Developing a Customizable Whole Beef Cattle Herd Genetic Selection Tool

Project Title

Development and Demonstration of a Genomics-Enhanced Whole Herd Genetic Management Platform to improve Beef Production Efficiency and Quality

Researchers

Changxi Li, AAFC [email protected]

John Basarab (project co-lead), University of Alberta Graham Plastow, University of Alberta Paul Stothard, University of Alberta Carolyn Fitzsimmons, AAFC Arun Kommadath, AAFC Mohammad Khakbazan, AAFC Ghader Manafiazar, Dalhousie University Matthew Spangler, University of Nebraska-Lincoln, USA

Status Project Code
Completed August, 2024 FDE.05.20

Background

Constant improvement on beef production efficiency and quality is essential to reducing production costs, increasing profitability, and thus enhancing competitiveness of the beef industry. One way to do this is through genetic selection. However, the commercial beef industry in Canada is varied by location and management type, meaning there is no one size fits all selection goal to maximize on-farm success. Additionally, there are also relatively few tools for commercial beef producers to use to enhance genetic selection meaning there is a need for tools that allow specific customizations to reflect the regional realities and goals of individual operations.

Objectives

  • To further develop a web-based genomics-enhanced whole herd genetic management platform for producers to access customizable genetic data and selection tools

What they Did

Genetic tools were developed and refined to predict genetic merit (EPDs) on growth, feed intake, feed efficiency, carcass merit, and female fertility traits using genetic samples from 11, 292 animals collected from previous research. These predictions were based solely on DNA marker genotypes, achieving moderate to moderately high accuracy on commercial beef cattle. They were also able to use the tools to reliably predict the breed composition, hybrid vigor, multiple trait selection indexes, and genetic potential of candidate bulls producing hybrid vigor in the herd. Finally, the team built a web-based genomics-enhanced whole herd genetic management platform has been created to integrate producer-submitted animal information with the genomic analysis pipeline.

What You Learned

  • To ensure the genomic predications of any tool are reliable and can have industry application, the size of the reference populations and quality of both physical expression and genetics data are essential.
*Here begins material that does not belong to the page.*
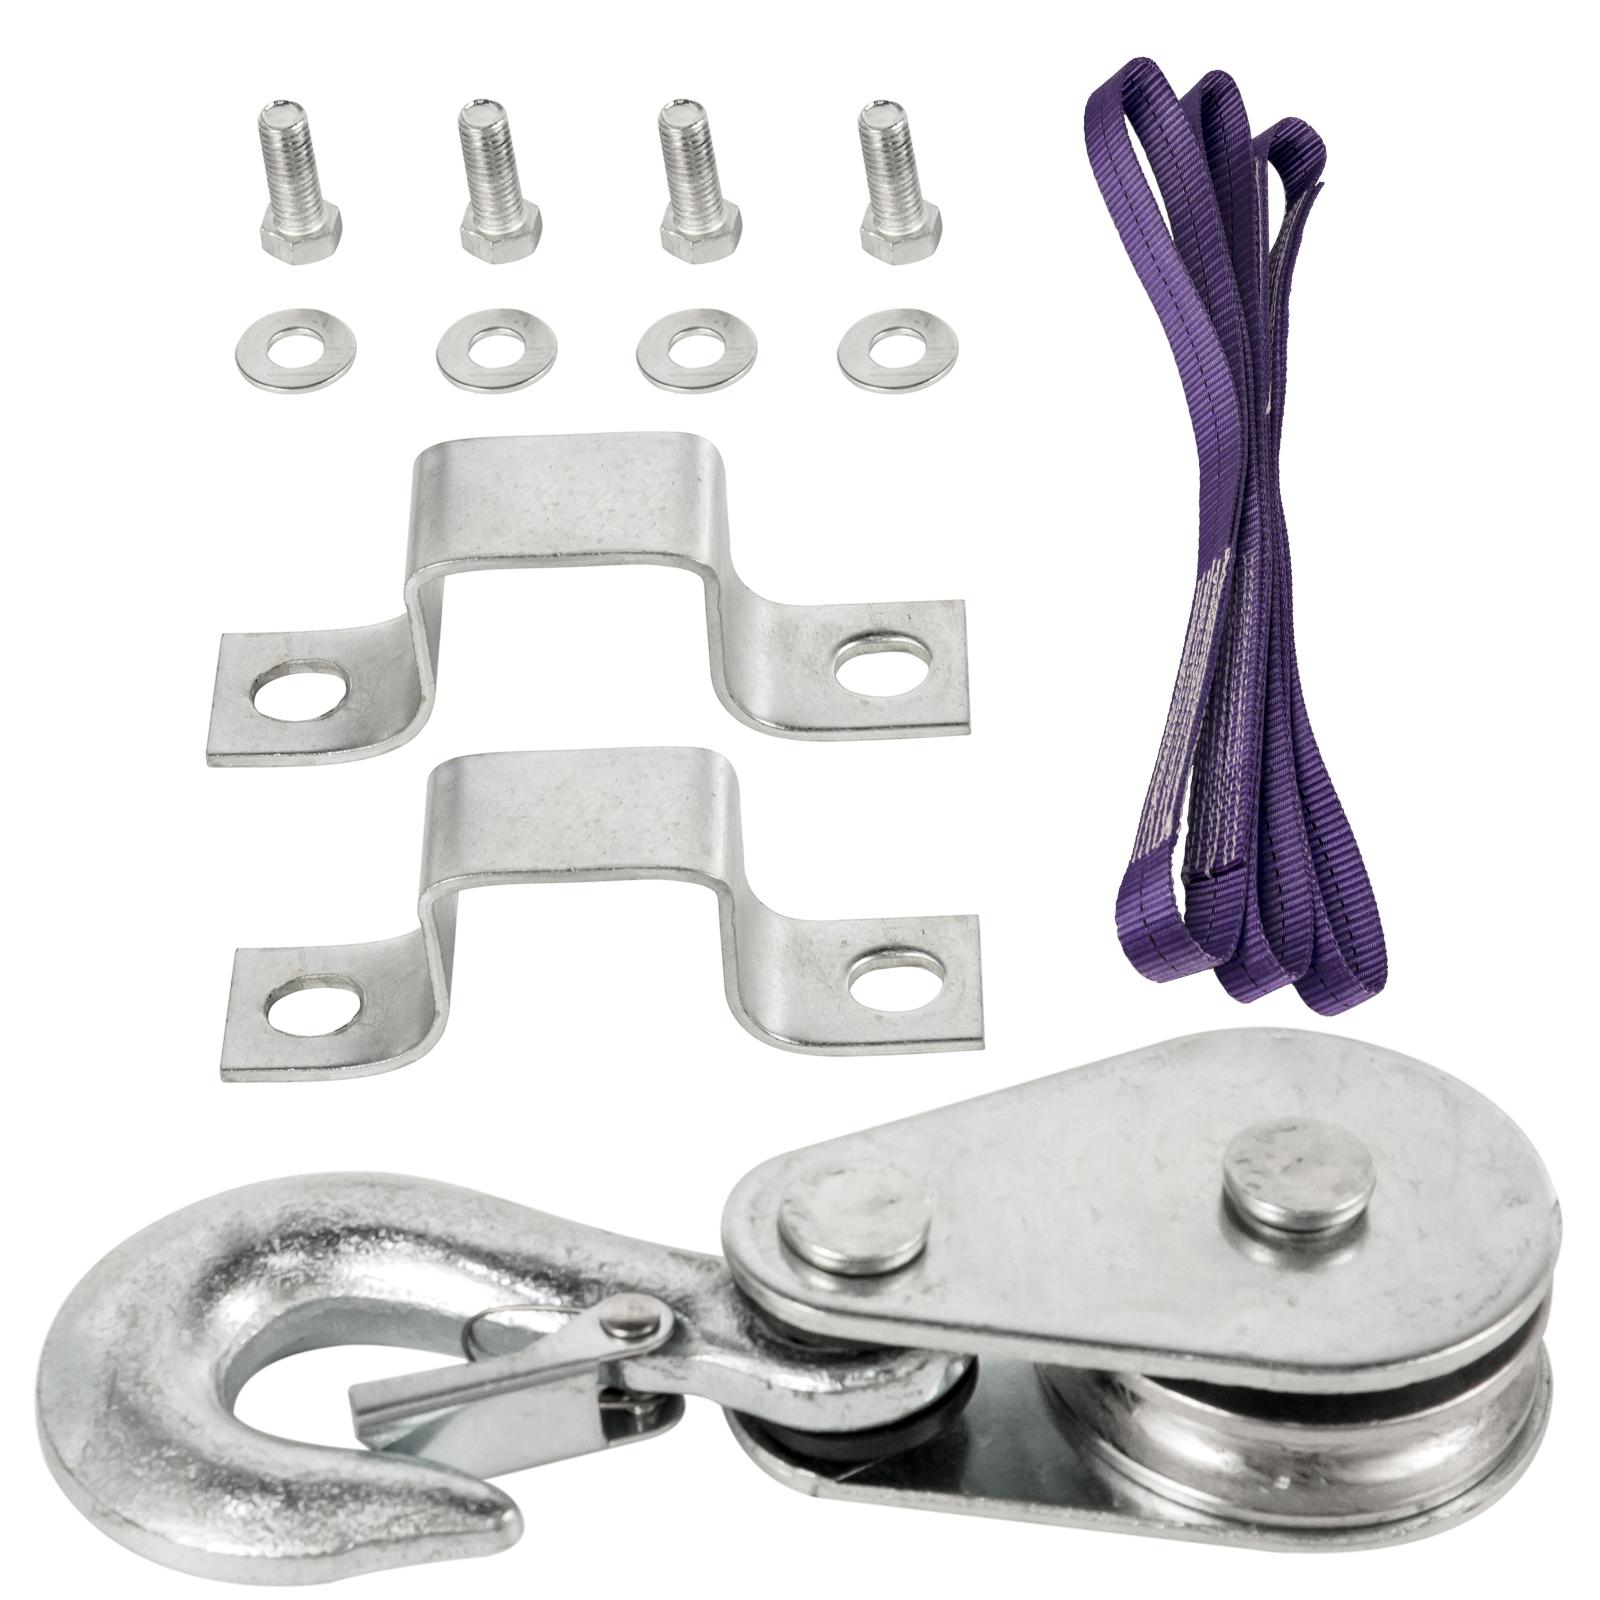 100kg-900kg-Electric-Hoist-Winch-Lifting-Engine-Crane-Cable-Lift-Hook-Garage miniature 81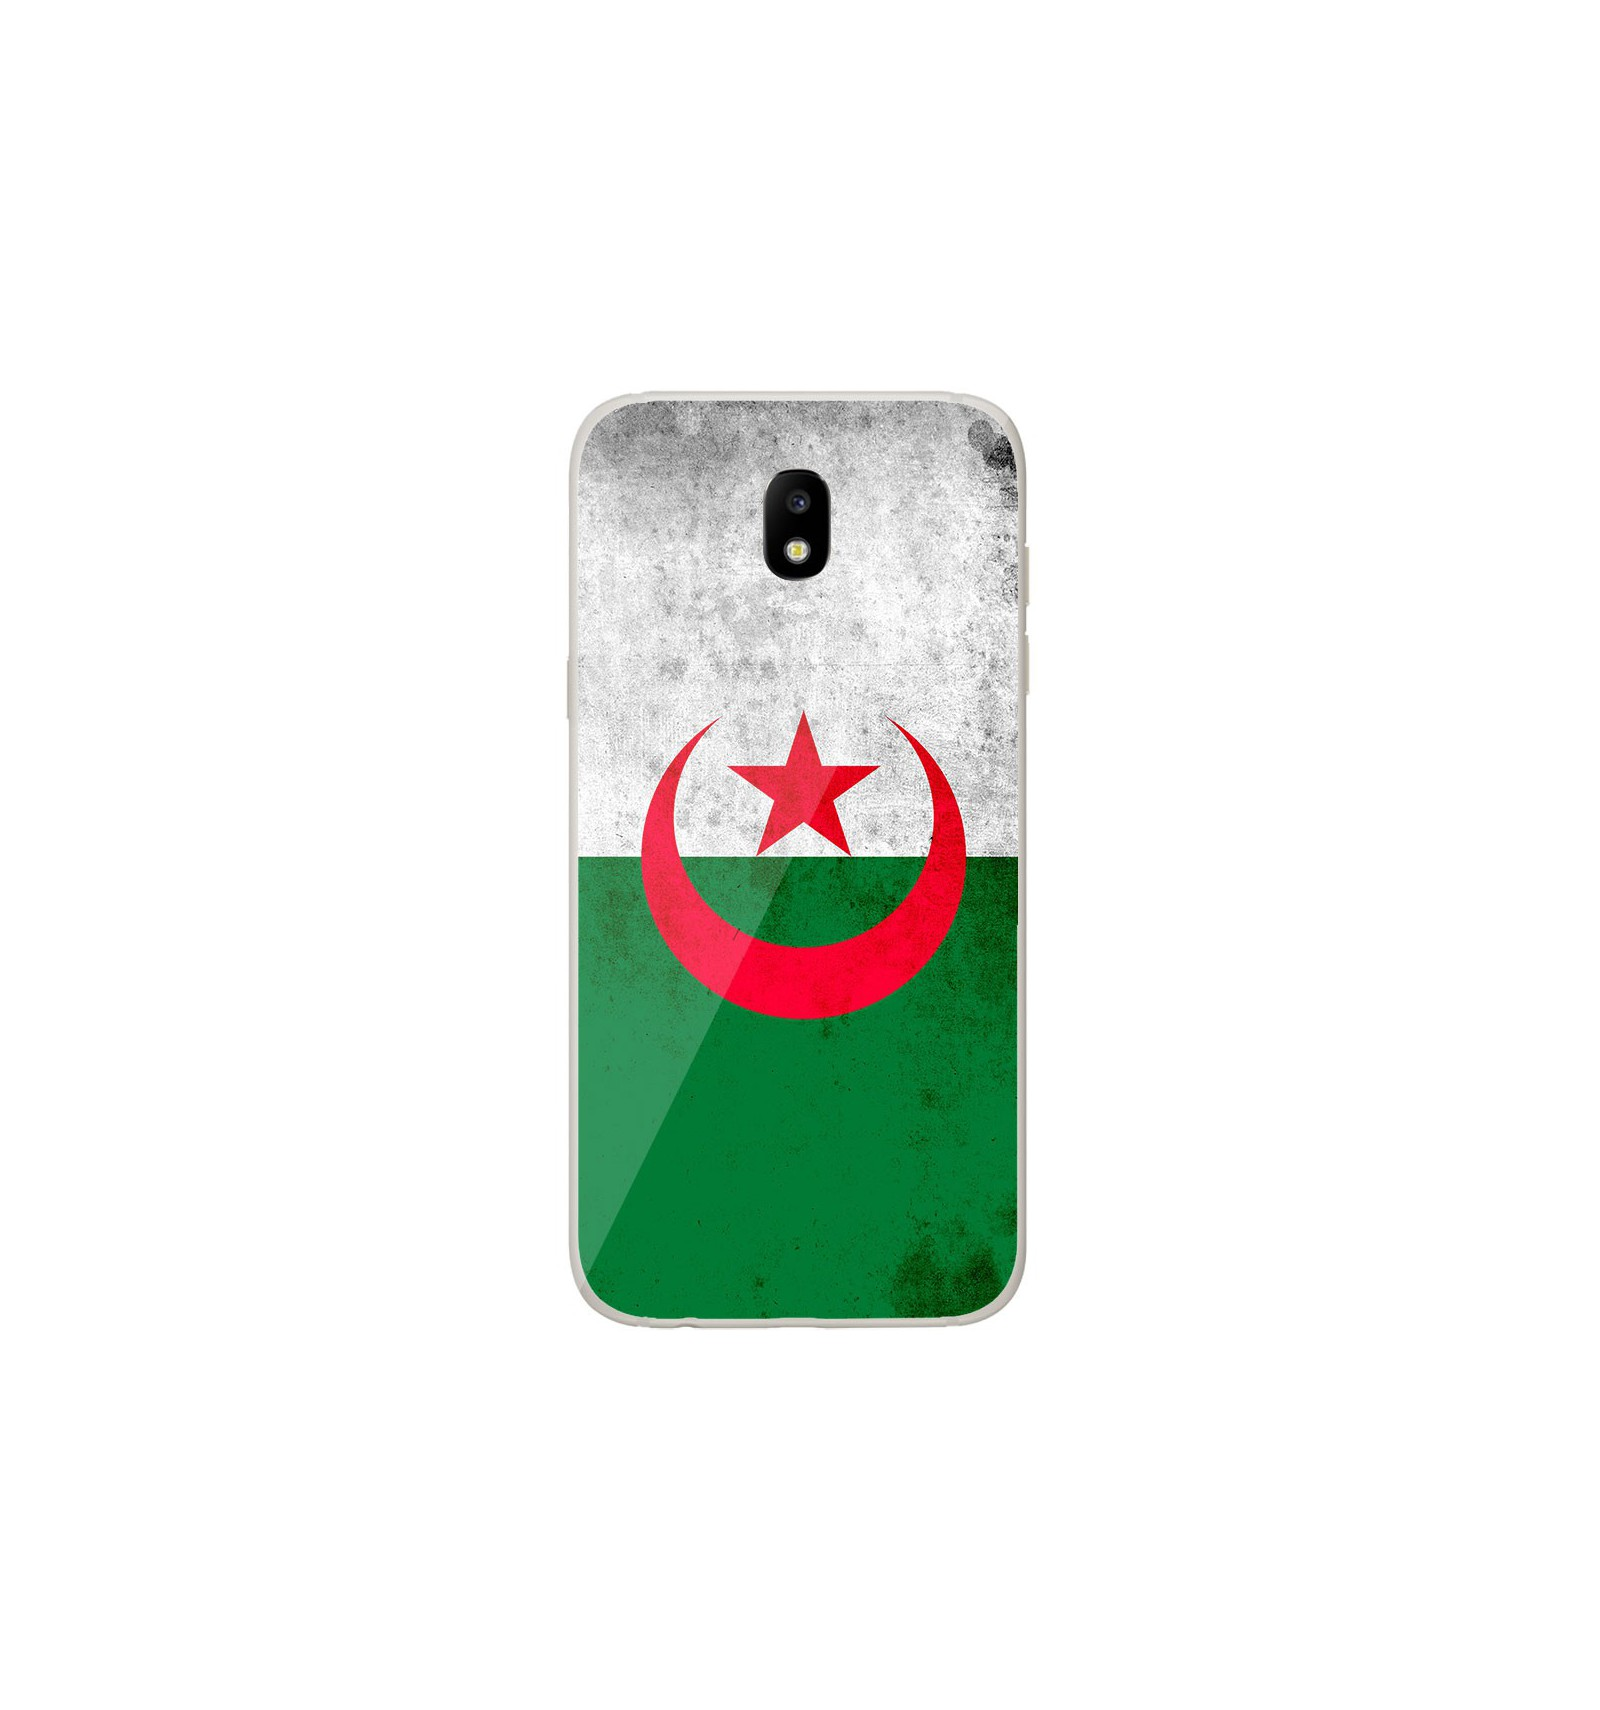 coque samsung j3 algerie

Although the prediction platform developed through this project provides a useful tool for Canadian beef industry to improve herd genetics, there is still a need for researchers and genetic evaluation organizations to continuously collect and update the data to improve accuracy and reliability
  • Advanced genomic prediction methods including multi-trait Genomic Best Linear Unbiased Prediction (GBLUP) and machine learning have the potential to improve genomic prediction for some traits. However, in consideration of feasibility and consistency across traits, along with computational requirements, the single trait GBLUP remains an appropriate genomic prediction method in beef cattle at this time
  • Having intuitive tools that can guide producer decisions specifically regarding genetics management also has the potential to introduce and show value of other genomic tools to producers
  • The team was also able to validate the economic benefits of the platform

What This Means

The platform created through this project allows beef producers to access the genomic tools easily and has been utilized by 88 producers over the course of this project accounting for over 10,000 cattle. The economic benefits of implementing these genomic tools have been validated by collaborative projects using independent industry beef cattle data, demonstrating that the platform enables commercial beef producers to select and breed beef cattle with their available genetic information to improve production efficiency and quality.